Podcast Summary
Top Traders Unplugged: Systematic Investor Series
Episode: SI393 – The Illusion of Control in Modern Markets ft. Yoav Git
Host: Niels Kaastrup-Larsen
Guest: Yoav Git
Date: March 28, 2026
Episode Overview
In this deeply analytical episode, host Niels Kaastrup-Larsen is joined by systematic investing expert Yoav Git for a wide-ranging discussion on the unpredictable nature of modern markets, the limitations of control—even for systematic traders—and the mechanics that drive price and risk in periods of extreme volatility. Oscillating between current market events, foundational machine learning concepts, trend following, risk management, and a critical look at influential quant finance research, the episode delivers frank, practical insights for investors aiming to build resilient portfolios in chaotic times.
Key Discussion Points
1. The EM Algorithm, Arthur Dempster, and Machine Learning Roots
(01:19 – 04:12)
-
Tribute to Arthur Dempster: Yoav starts by honoring the late mathematician for inventing the Expectation-Maximization (EM) algorithm, the precursor to much of modern machine learning. He emphasizes how overlooked contributions like Dempster’s underpin the very foundation of current quant and machine learning approaches in finance.
- "A lot of machine learning is predicated by his work. So rest in peace, Arthur." (03:00, Yoav Git)
-
Explaining the EM Algorithm:
Yoav explains its significance in statistical classification problems (e.g., distinguishing between ‘cats or dogs’) and relates its iterative process as conceptually similar to backpropagation in neural nets.
"It's an iterative process, a little bit like the back propagation process that we have in machine learning these days." (03:37, Yoav Git)
2. Recent Market Dynamics and the ‘Illusion of Control’
(04:12 – 14:40)
- Narrative-Driven Markets and Unpredictable Outcomes:
Niels shares the surprises of a Danish election campaign, highlighting how supposedly pivotal geopolitical topics were displaced by unpredictable narratives (animal welfare and clean drinking water), drawing a clear parallel to market narratives.
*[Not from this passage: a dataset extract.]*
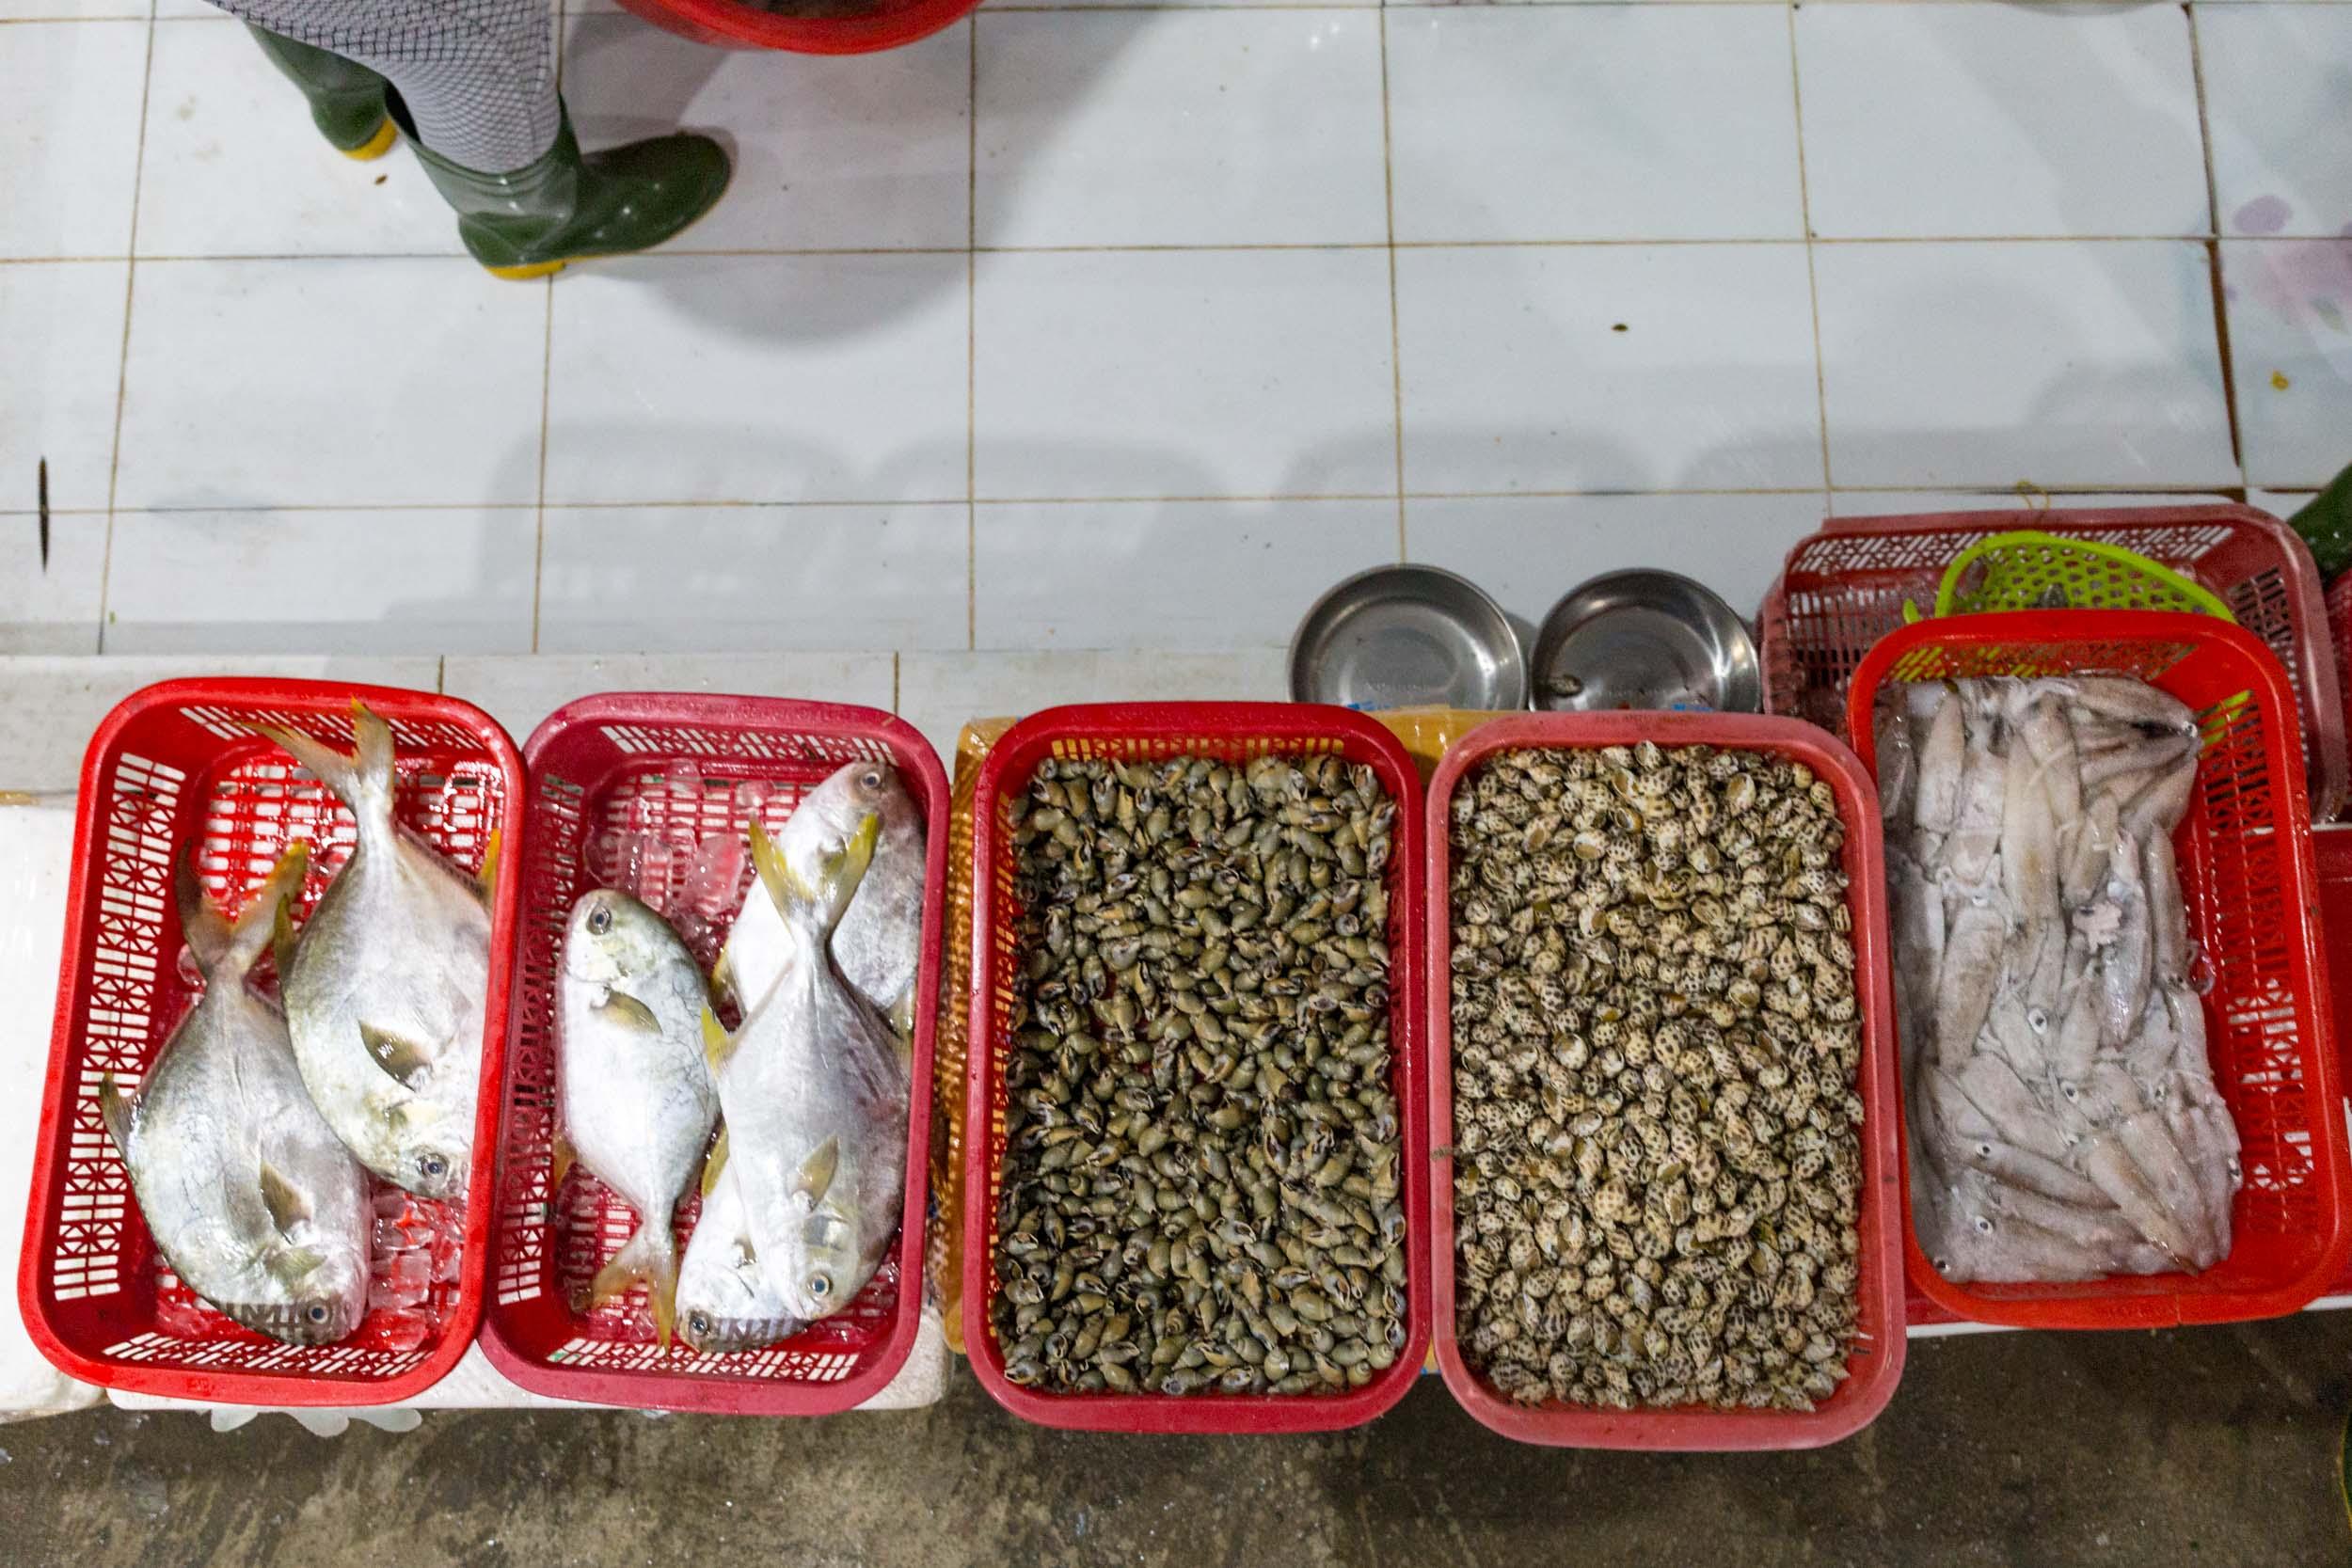 Fresh Fish at Hải sản Bà Rô, Da Nang, Vietnam.

"It shows you how unpredictable things are, even at that level... as investors, it's not always that what we expect is what happens." (06:19, Niels Kaastrup-Larsen)
-
Gold, Oil, and War:
Both discuss recent pronounced volatility in commodities—gold and oil—against the backdrop of new Middle East conflicts, observing how price moves often run counter to prevailing narratives or even logic. -
Rules-Based Systems and the 'Luck of Entry':
They stress that in fast-moving, headline-driven markets, systematic (rules-based) investing helps eliminate the tendency to overfit narratives, though even systematic approaches cannot always mitigate sharp, intraday dislocations.
"It just keeps on giving us all these examples of how difficult it must be to be anything other than a rules-based investor." (08:53, Niels Kaastrup-Larsen)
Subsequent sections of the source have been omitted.